Overeating or eating of rajasic food is perhaps the most common example in this category. When we begin eating, or even think of such food before you begin, we consider it as the pinnacle of joy, as the very purpose of life. But after eating much, we feel uncomfortable and even the thought of more food becomes repulsive! There is a story of three brothers who, after a heavy meal, decide that they don’t want to eat ever again and give away all their wealth in charity, only to regret it a few hours later. Rajasic enjoyments result in aversion, and with more and frequent cycles of pleasure and aversion, the pleasure becomes weaker and the aversion stronger. This goes on until that enjoyment is forsaken and a newer one sought! This journey from one rajasic pleasure to another in search of lasting happiness also leads only to greater aversion, frustration, and sorrow.
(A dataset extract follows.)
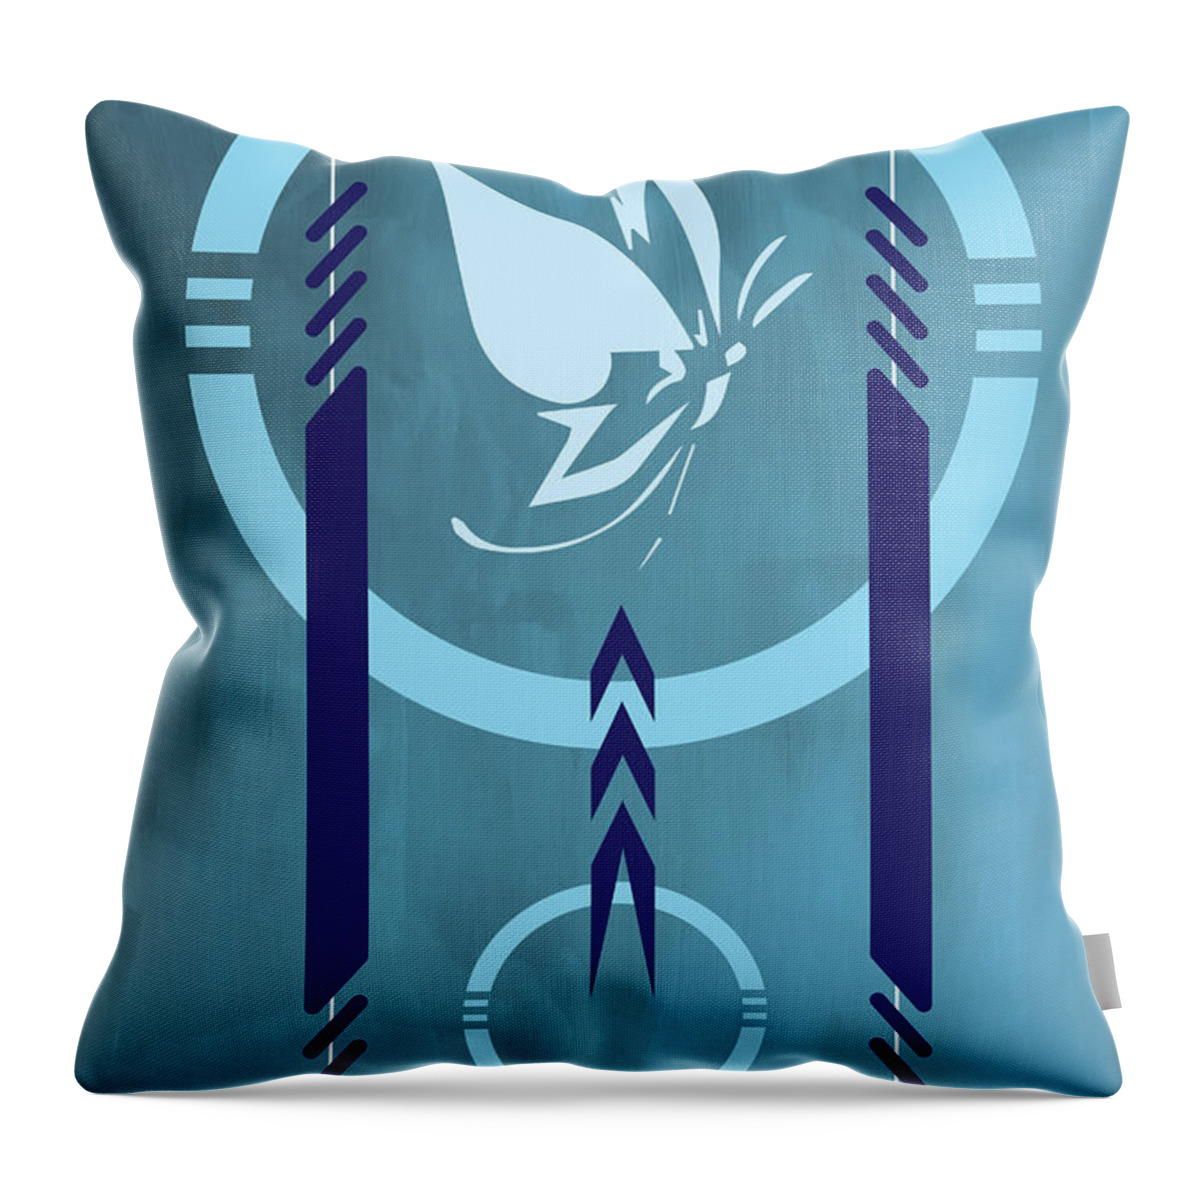 Digital Art Throw Pillow featuring the digital art Blue Butterfly by Yank Price

Unlike these two types of pleasures, tamasic enjoyments are those which do not really make you feel good at any point. They don’t even result in sadness or temporary dispassion but instead deludes the self with ignorance throughout. According to Bhagavad Gita (BG XVIII:39):
यदग्रे चानुबन्धे च सुखं मोहनमात्मनः।
That pleasure which arises from sleeping, sloth, and inadvertence, which at the beginning and also later is delusive to the self, is deemed tamasic (leading to ignorance, darkness)
Vile pleasures such as that derived from alcohol fall into this category. They lead from ignorance and delusion to greater ignorance and delusion.
Understanding the nature of these three types of enjoyments enables us to determine which category a particular pleasure can be mapped to. It also helps the wise to systematically cultivate a taste in sattvic enjoyments that lead to lasting happiness, bring moderation in and gradually wean off rajasic enjoyments, and to keep away from tamasic pleasures at all costs.